As discussed in \refSec{trackMeas}, the efficiencies obtained from the simulation are a good approximation of the actual efficiencies, however they are not perfect. On the other hand, the tag-and-probe method of obtaining the efficiencies is rather lengthy and performing this study for every analysis is not feasible. Therefore, a correction factor $R$ is calculated:
\begin{equation}\label{eq:trackEff-R}
R=\frac{\varepsilon_{\rm data}}{\varepsilon_{\rm sim}}\,,
\end{equation}
where the $\varepsilon_{\rm data}$ represents the tag-and-probe efficiency in data and $\varepsilon_{\rm sim}$ represents the tag-and-probe efficiency in simulation. This ratio $R$ can be used independently by many analyses to 'correct' the efficiency obtained directly from simulation. Moreover, first order uncertainties are canceled out. Therefore, the ratio $R$ is the ultimate goal of the tracking efficiency measurement.

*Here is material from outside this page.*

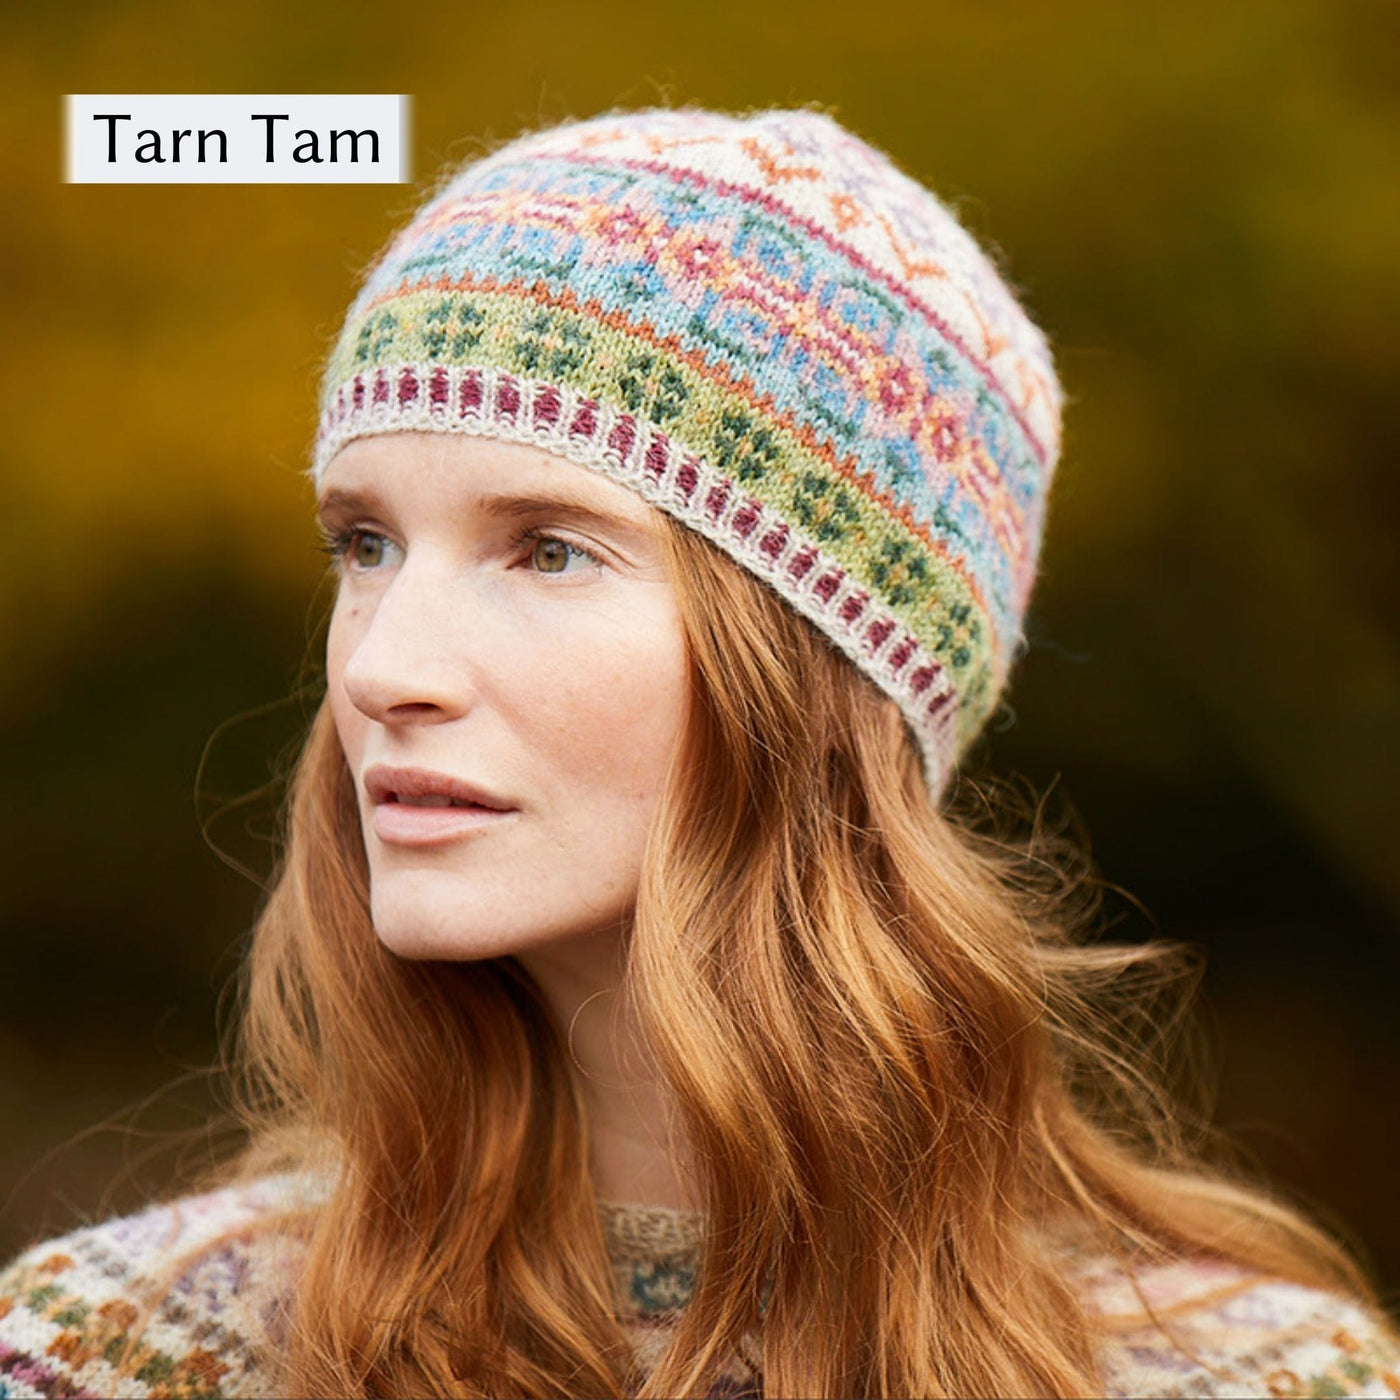 Model wearing Tarn Tam hat, a design from Cumbria Book by Mare Wallin color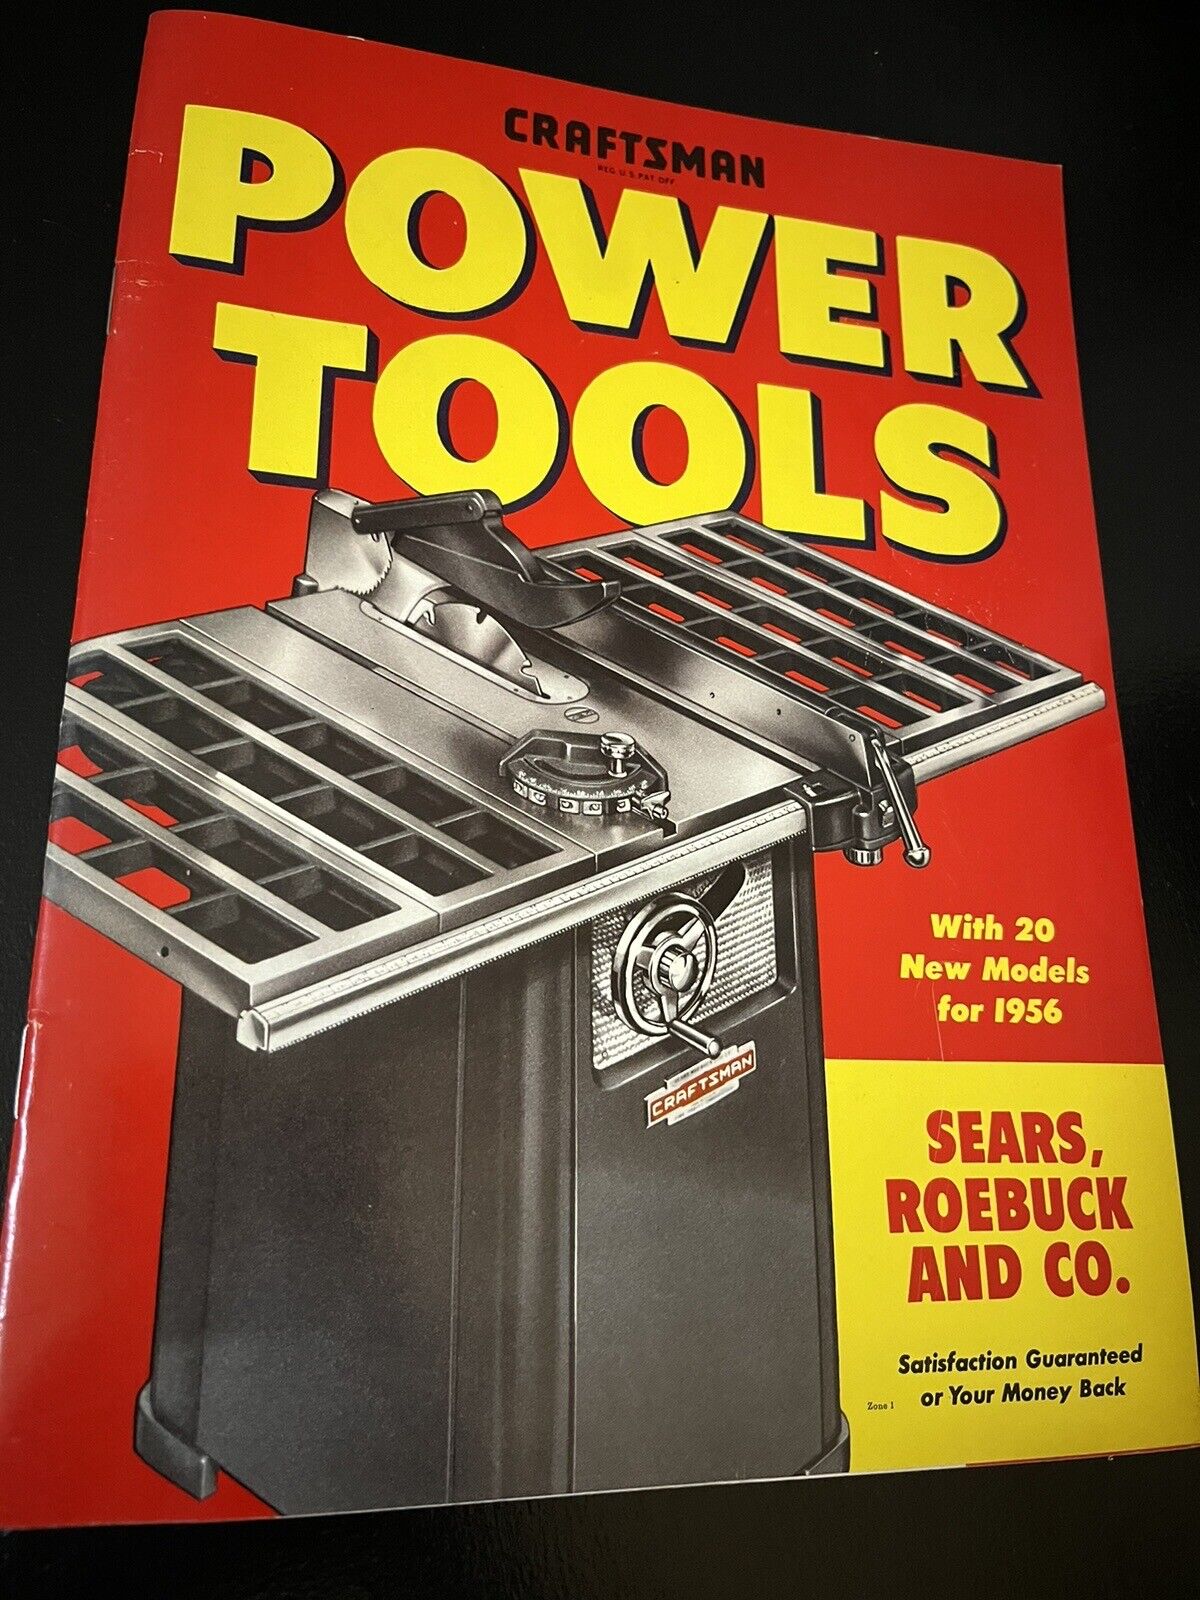 CRAFTSMAN POWER TOOLS 1956 WITH 20 NEW MODELS CATALOG SEARS, ROEBUCK & CO. JB64

In order to accomodate the requirements of most \lhcb analyses, the track reconstruction efficiency is measured in bins of pseudorapidity, $\eta$, momentum, $p$, number of hits in the \spd detector, $N_{\spd \rm hits}$, and the number of primary vertices present in the event $N_{\rm PV}$. The ratio $R$ is measured in two dimensions in bins of pseudorapidity and momentum. This is referred to later as \emph{correction table}.